Она молчала, лучше всего молчать.

– Скажи, что произошло между тобой и монастырским братом Симоном Ловренцем?

– Он не монастырский брат, – сказала она и подумала: вот мы и оказались там, где была Мария из Брницы: что она делала с господином, что господин делал с ней – все в точности, как в том протоколе, задрожавшем в руках у юной невинной души, когда она сама себя тоже с дрожью спрашивала: что Мария делала с господином?

– Он – грешник, – сказал Михаэл, – и ты тоже, ты – настоящая грешница, заблудшая душа.

– Я исповедуюсь в своих грехах, покаюсь, буду молиться.
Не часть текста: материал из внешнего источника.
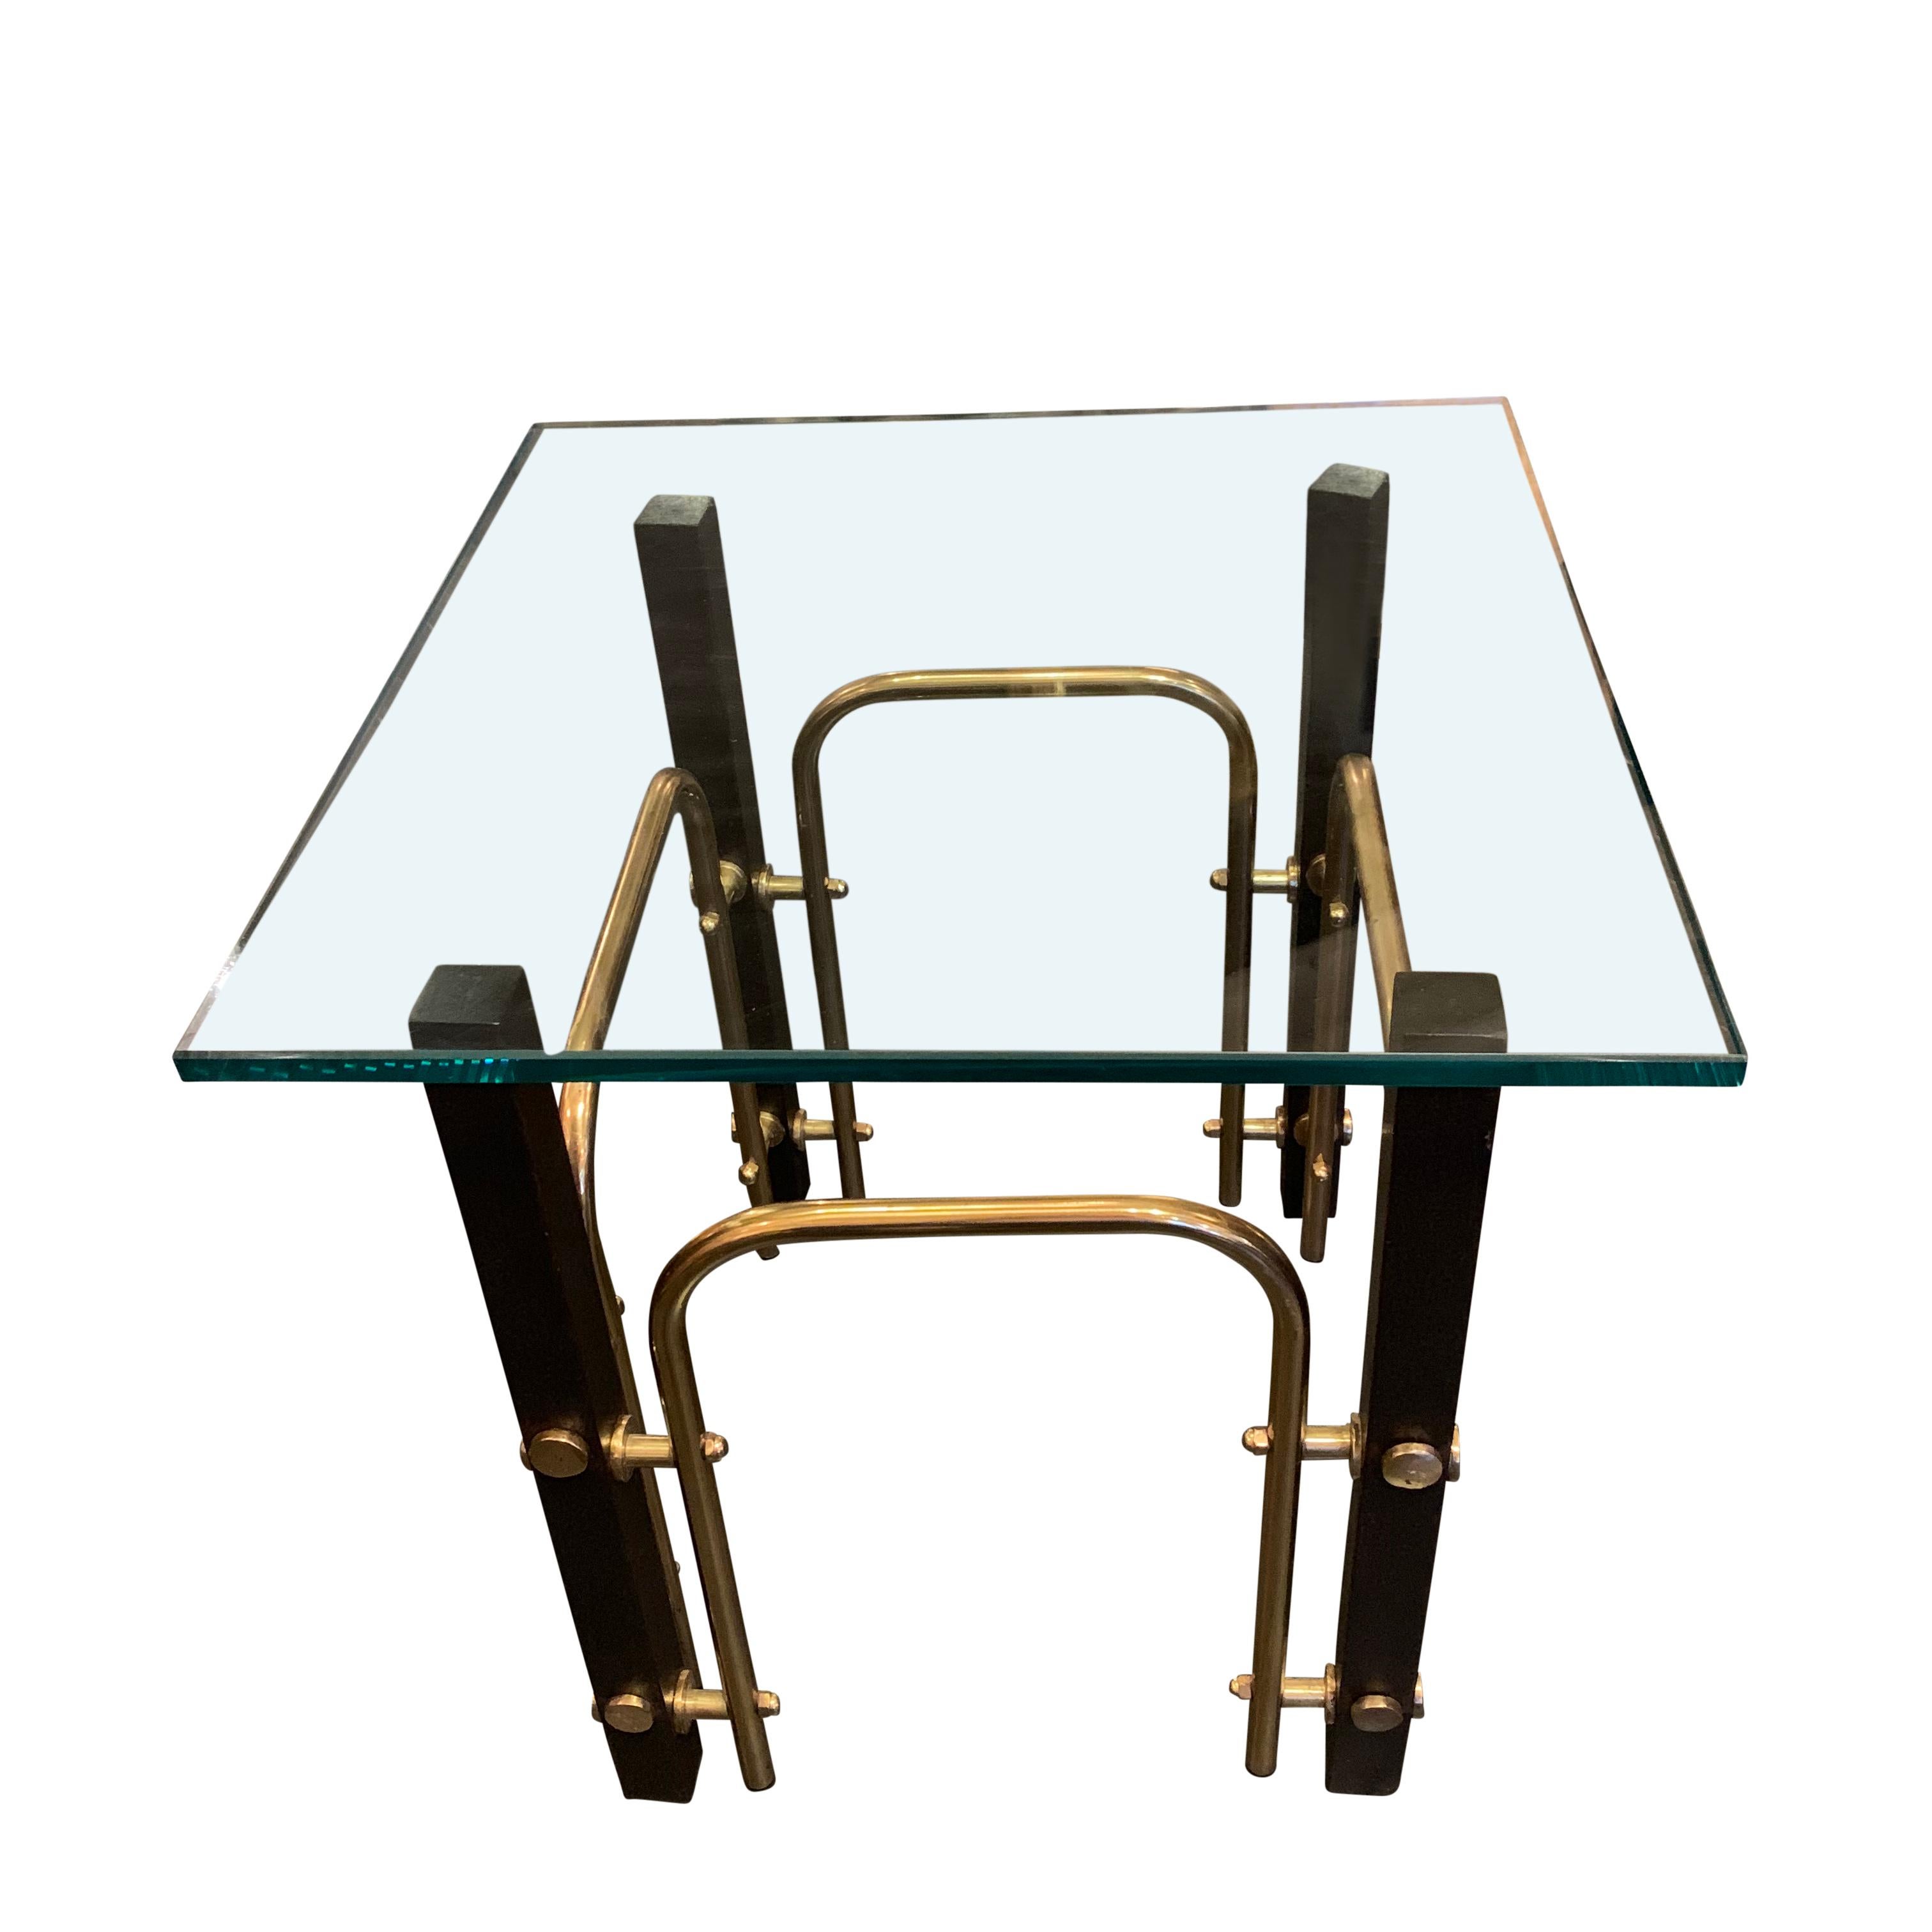 Midcentury French pair of coffee tables with ebonized wood and brass tubing details.
New square glass tops.
 

А вам я ничего не скажу.

Судья по имени Штельцль выпил глоток вина, глаза его заблестели.

– Какая упрямая зверушка, – сказал он.

– Не хочет сотрудничать, – проворчал Михаэл. – Сидела на хлебе и воде.

Катарина взглянула на него.

– Было ли половое сношение? – спросил второй судья, Штольцль, – пусть скажет, было ли такое сношение. Пусть скажет, как оно происходило.

Катарина обернулась к священнику Янезу:

– Я вам все расскажу на исповеди, а здесь говорить не буду.

– Это другое дело, – сказал священник Янез, он тоже был сейчас в замешательстве и глядел в пол. Ему тоже хотелось, чтобы все скорее кончилось. – Господа, – сказал он нерешительно, – хотят знать об этом ради общественной морали, из-за соблазна на пути Божием. Они говорят, что это наказуемо, такой свободный брак. Что я могу поделать, – добавил он, – господа хотят, чтобы ты рассказала все и им тоже. То, что скажешь мне, это во имя Бога, а сейчас – во имя людей. Чтобы грех не распространялся еще дальше.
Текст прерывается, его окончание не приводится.